We sound a little bit like Christians

The Labour Party is full of the faithful. I’ve heard both Corbynites and Owenites claim that their side will win because they must. That Labour can and will win the next election because the Tories are awful, and that a vaguely defined alternative to both centre-left and centre-right economics will create greater prosperity because every single economy in the developed world is slowing down. There may be good reasons to believe that one’s side will succeed, but it is not wise to argue that because the situation is bad, it will get better.

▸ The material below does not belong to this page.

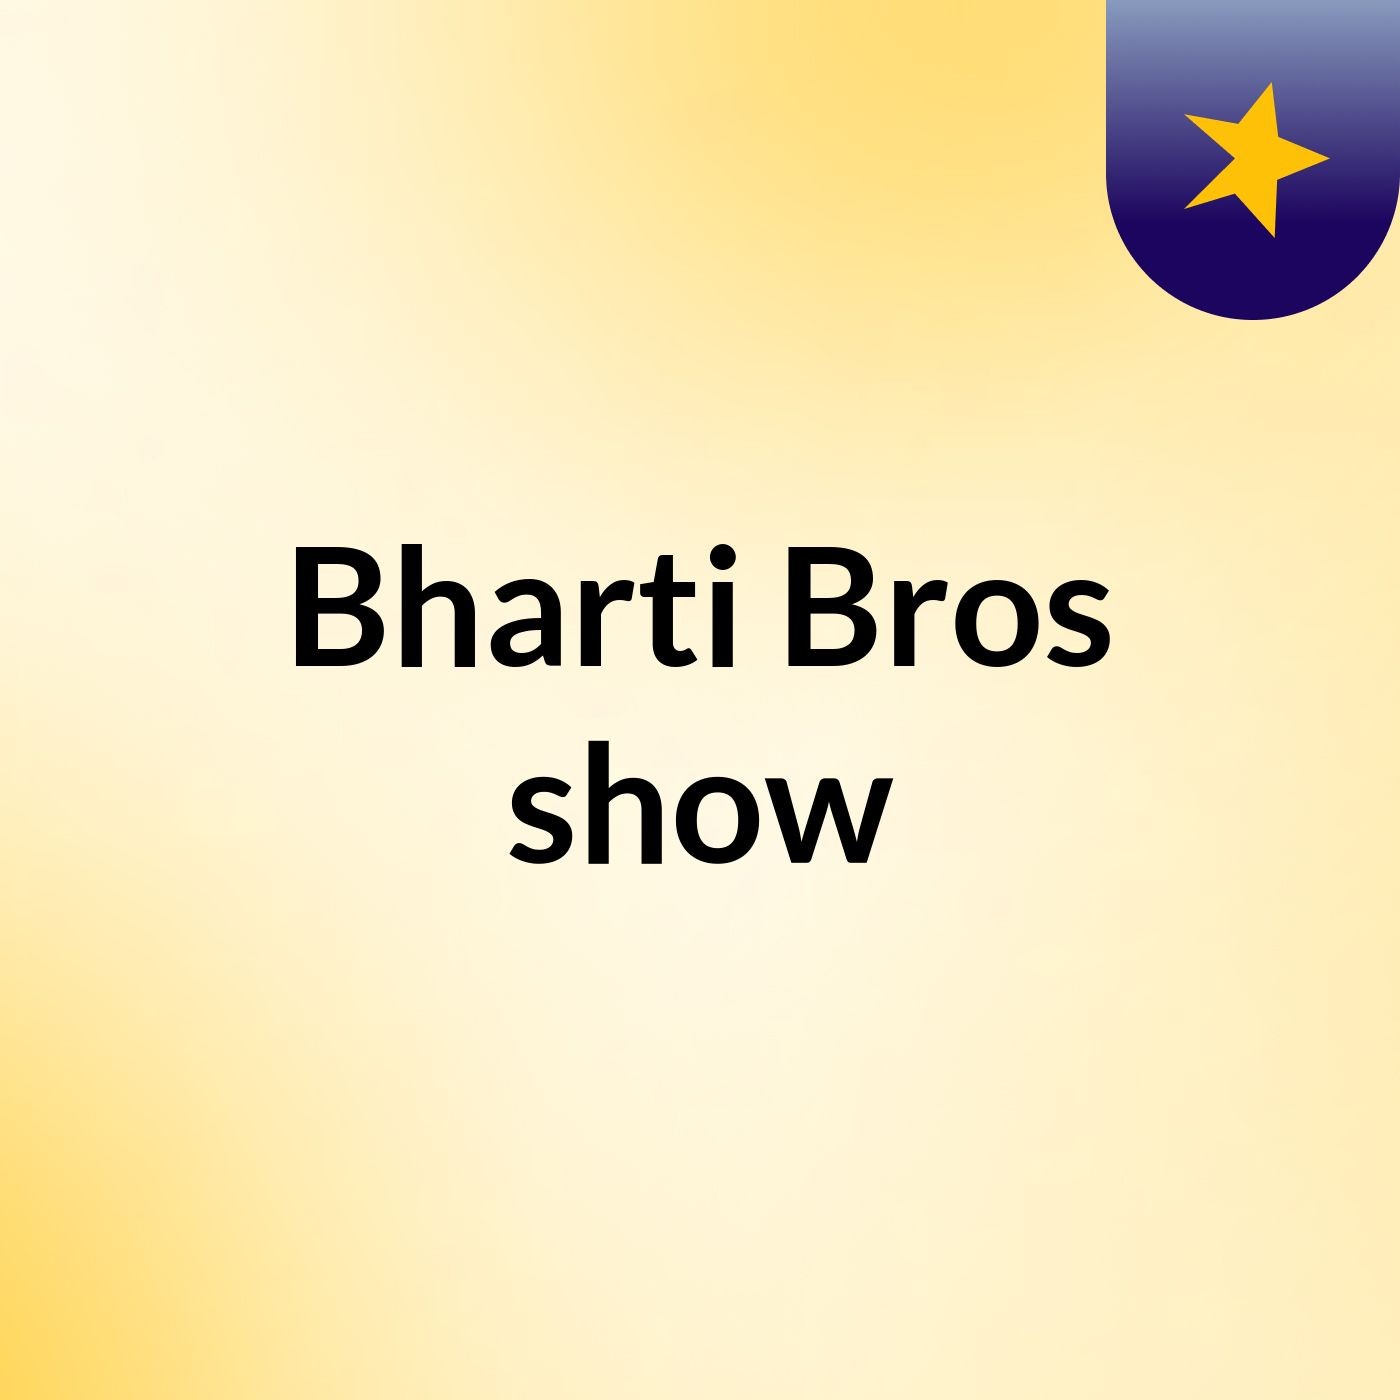 Bharti Bros show
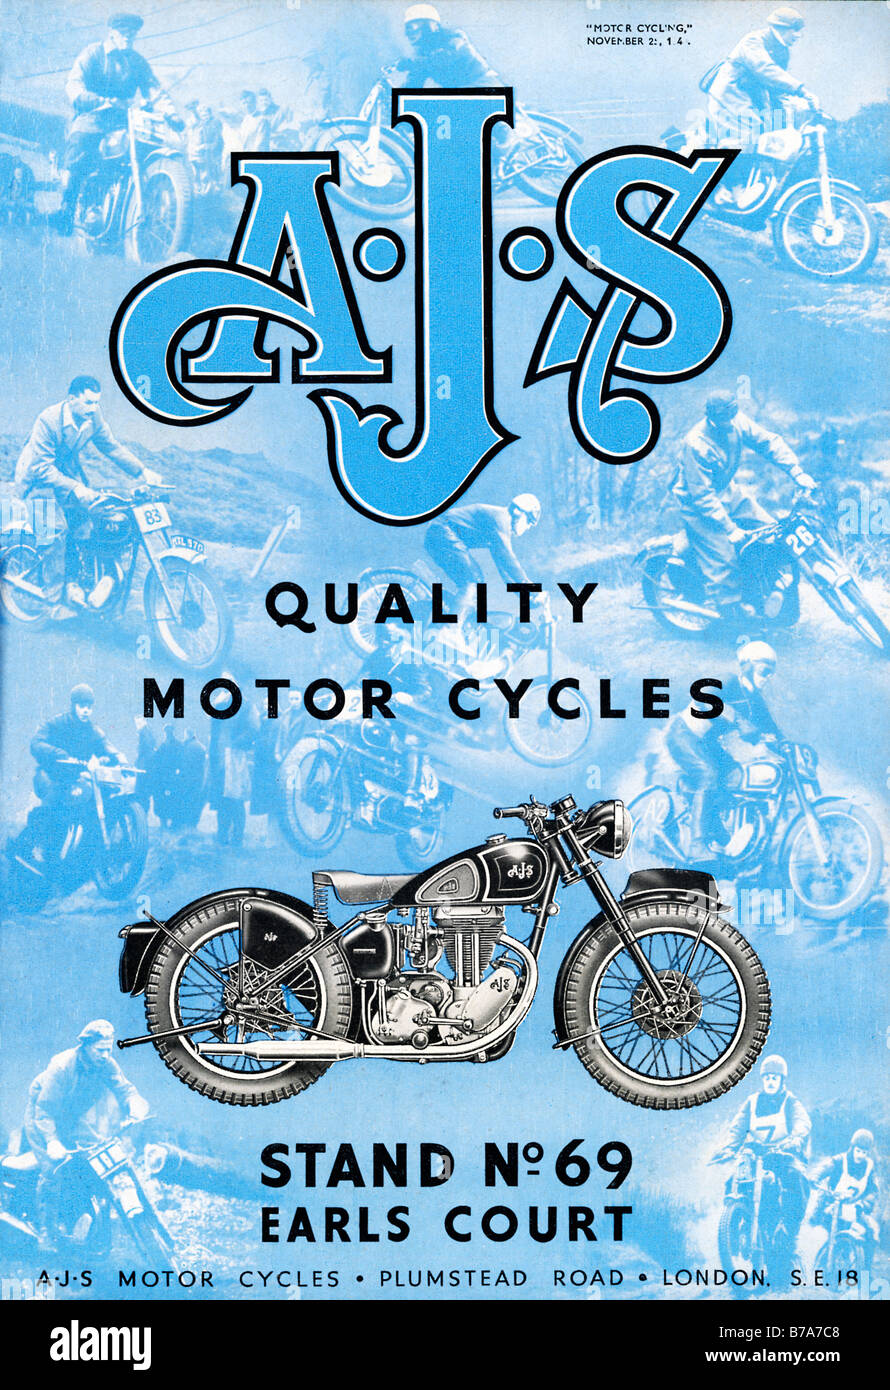 AJS cicli motore 1948 annuncio pubblicitario per i nuovi modelli dalla British Motor Cycle produttore basato nel sud est di Londra Foto Stock

For the left, the situation has gotten bad before and then not recovered for a very long time. The First World War was a futile disaster of imperial hubris that killed millions. It was followed by the end of the Liberal Party as a party of government, and Conservative dominance during the interwar period. The situation is bad, and the left may stay on the back foot.

Martin Luther King once said “the arc of the moral universe is long, but it bends towards justice”. This makes some sense from his Christian perspective. If there is a loving God then there may be some purpose behind our reality. It may be leading somewhere. Somewhere more peaceful, more truthful and more compassionate.

But this belief in a brighter tomorrow is also prevalent on the supposedly atheistic left, where there is no overriding benevolent force to justify the faith. Instead it is human nature and the unconscious forces of the universe that are said to be the engine driving positive change forward. Steven Pinker argues persuasively that rates of all kinds of violence have been in overall decline since we were barely mastering tools. But in this case there is substantial evidence to justify his claim. What reason do we have to believe that the left will recover any time soon?

The last time the Conservatives defeated a Labour government, they took power for eighteen years. Before the New Labour years of 1997-2010 no Labour Prime Minister had ever won two elections in a row. The Conservatives ruled in Britain for more years in the 20th century than the Soviet Union did in Russia. If the next two hundred years reflect the last two hundred, then politics will likely be dominated by reactionaries and conservatives. We may want to think otherwise, but is that suggested by reason or by faith?